At first, as each witness was speaking, I stared at them, as if I could read in their faces my eventual fate, as if each statement, no matter how insignificant or banal, might be the turning point in my ordeal. If anyone said anything I disagreed with, I made a note of it and raised it with Robert at the end of the day.
Later on, I came to realise that none of these witnesses would prove crucial to the way our trial would go – there was only one witness who would do that: me. But I did not have to take the stand during the prosecution case – the prosecution had no right to oblige me to do so. No defendant can be compelled to speak as part of the case against them.
Even during the prosecution case, when I expected to be concentrating carefully, knowing I would later take the stand, there were so many longueurs and legal arguments when the jury was not allowed to be present that my attention would sometimes shift momentarily from the professionals and my gaze would flick up to the public gallery. It remained empty for some of the trial – there were parts of my evidence when the public gallery was emptied, and it was closed for Witness G, of course.

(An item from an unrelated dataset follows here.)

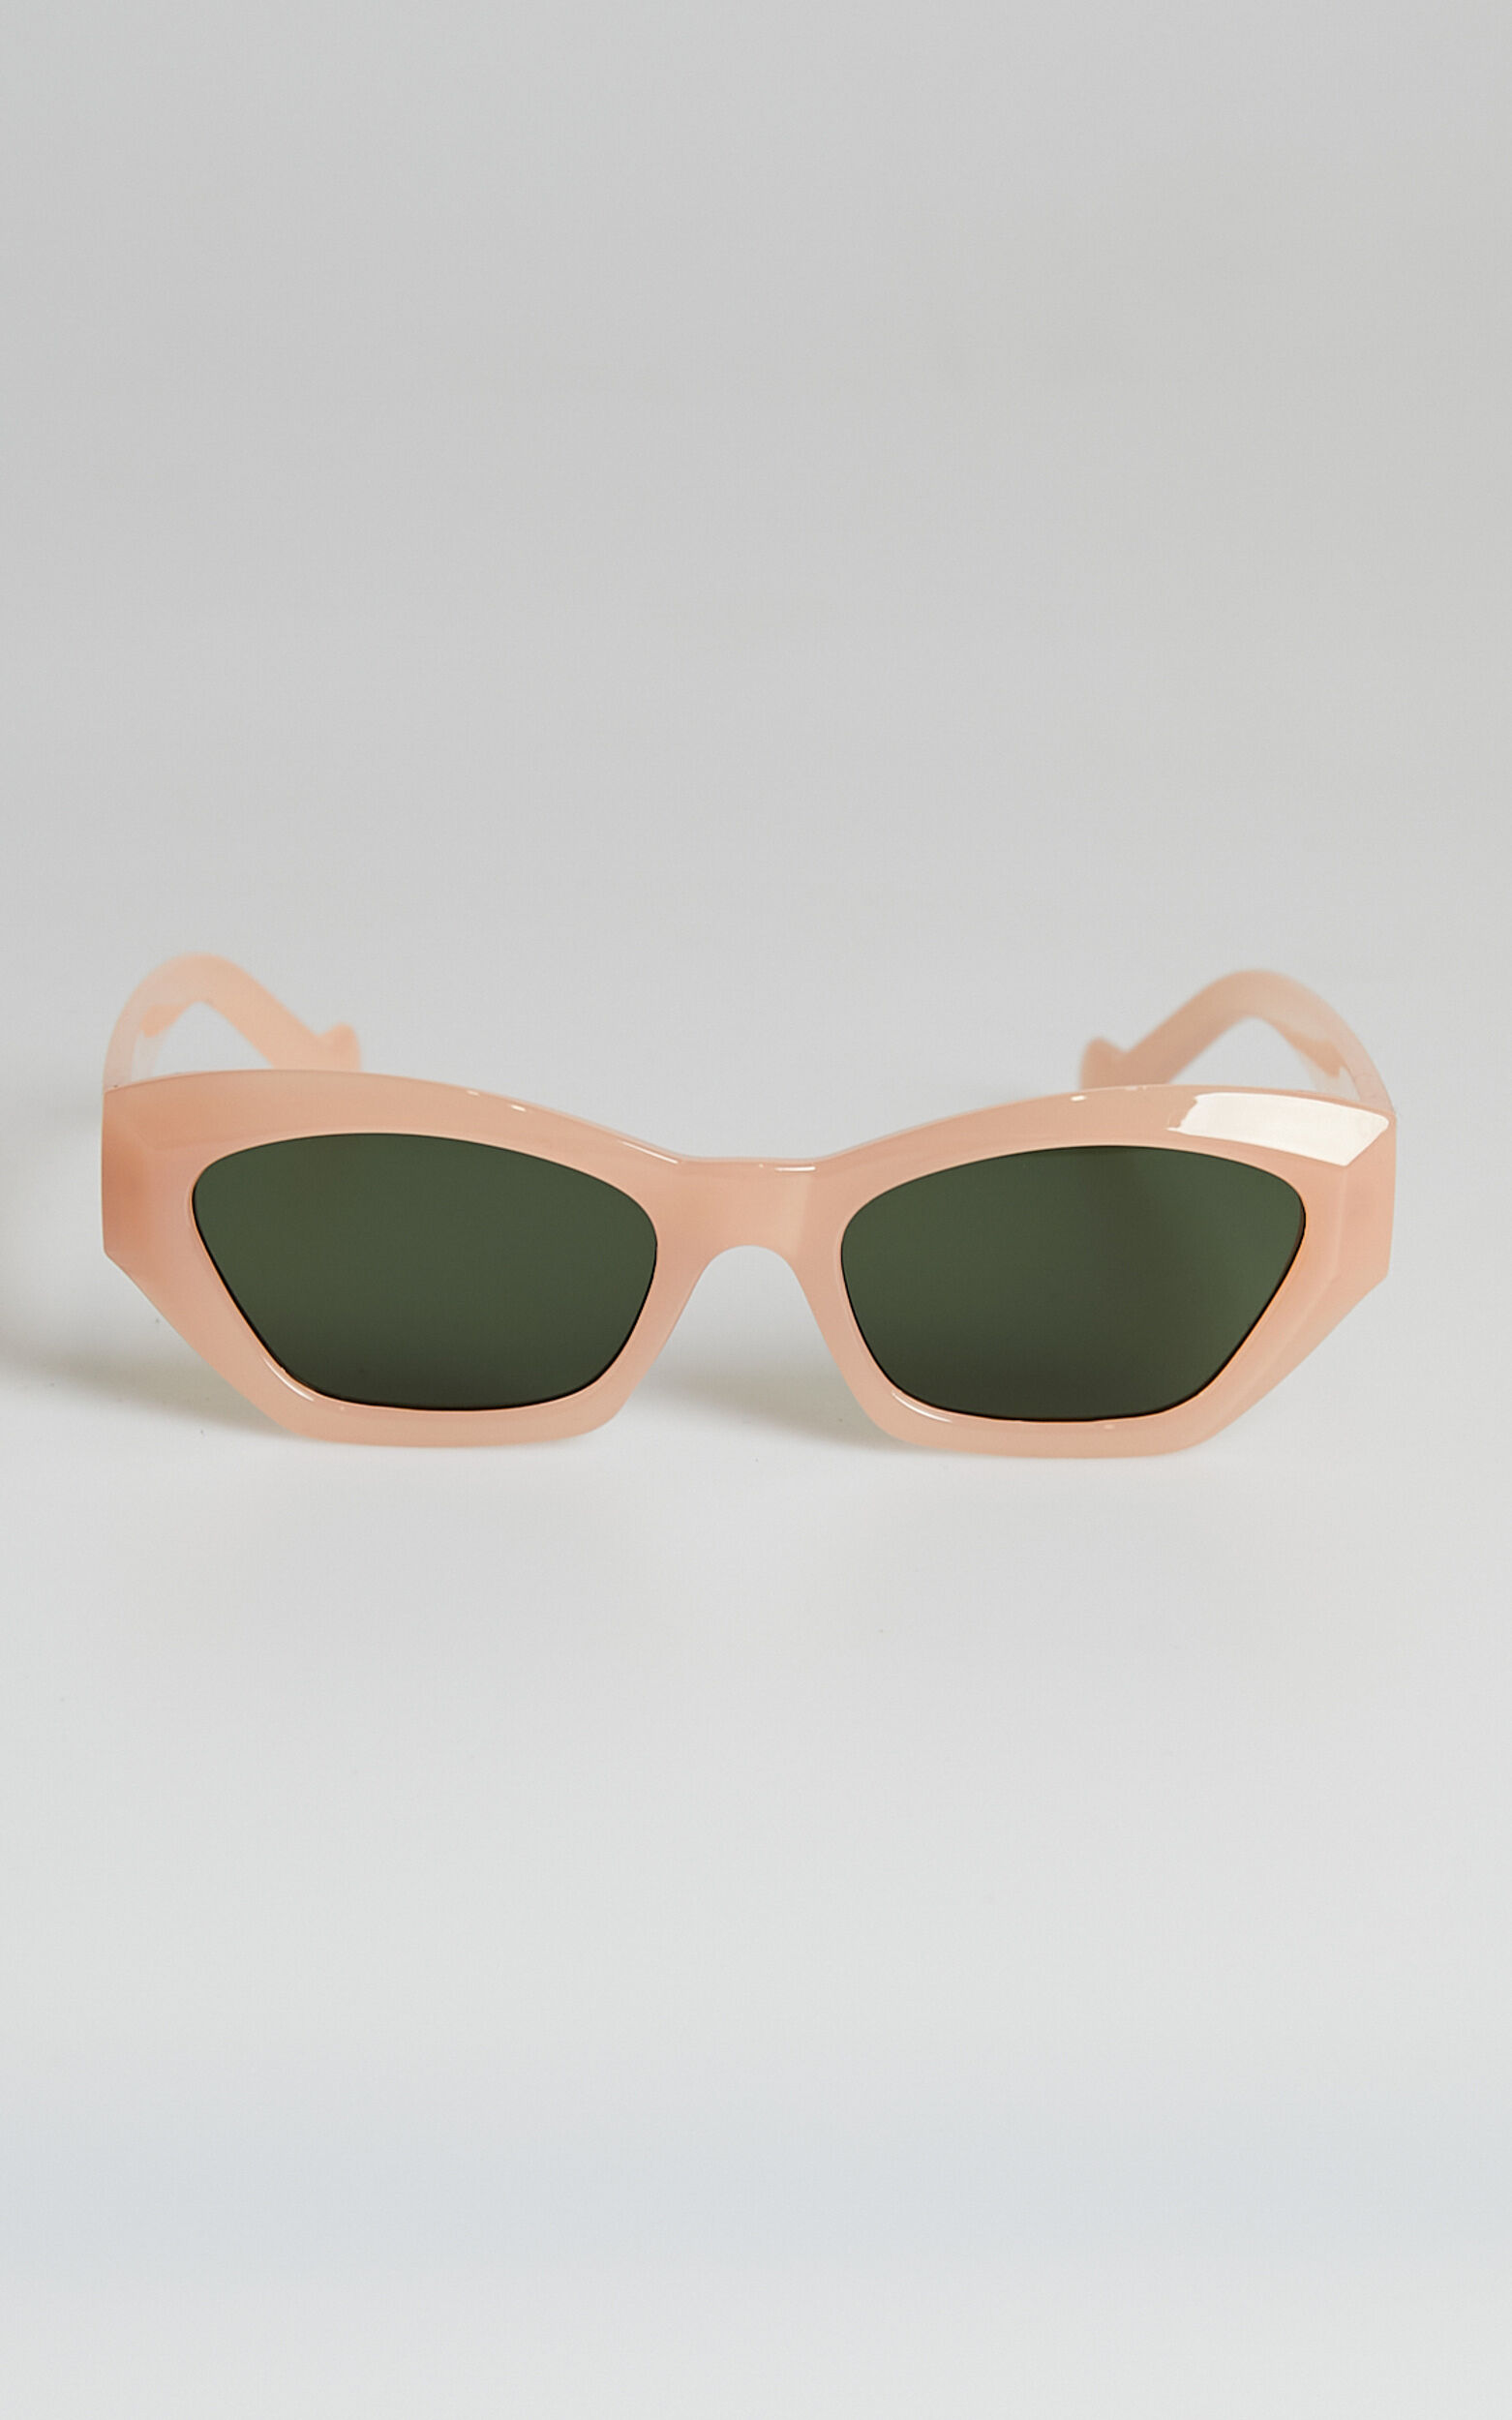 Lively Sunglasses in Nude - NoSize, BRN2, super-hi-res image number null
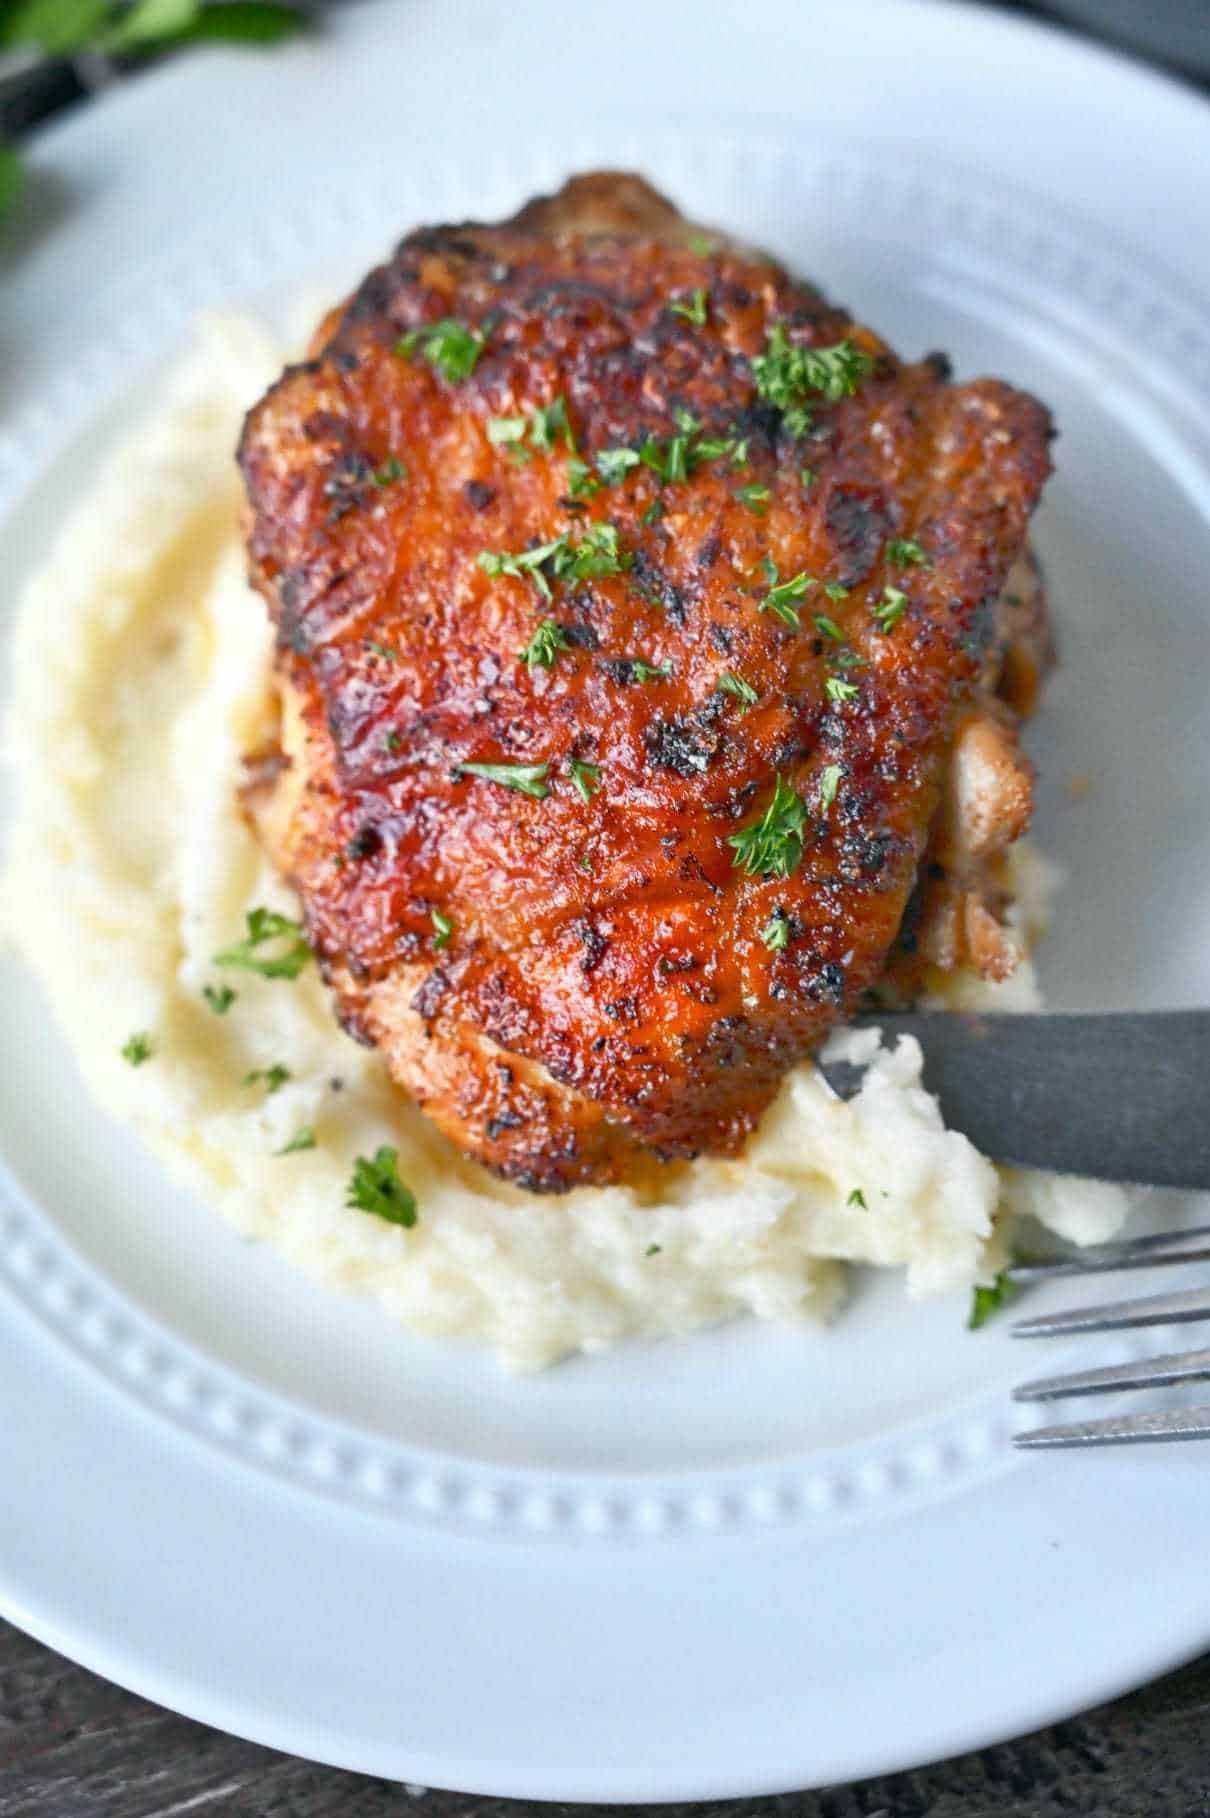 Crispy chicken thigh on a pile of mashed potatoes.

Sometimes the security guard was slow about admitting people in the morning or after the lunch break and the door only opened well after proceedings were under way. Susannah told me later that there was a lot of waiting around on a concrete stairwell. The first day she arrived she was caught out, as many are, by the ruling that mobile phones are not allowed in the gallery and there is no locker or cubbyhole in which to leave them. A security guard told her that if she went over the road to the café, the owner there would look after her phone if she paid him a pound.
Susannah was in the gallery nearly every day – she used up half her annual leave in order to support me. She, too, had a notebook. The jury must have noticed her and probably assumed she was my sister, or a cousin, and as she is the nearest I have ever had to one, that was fine by me. My mother died many years ago and I’ve hardly seen my father since he moved to Scotland with his new wife, just once every few years. He and I spoke on the phone a grand total of three times while I was on bail. My brother lives in New Zealand. So it was just Susannah up there, amongst the students and retired people and the occasional gawper whose role I couldn’t identify.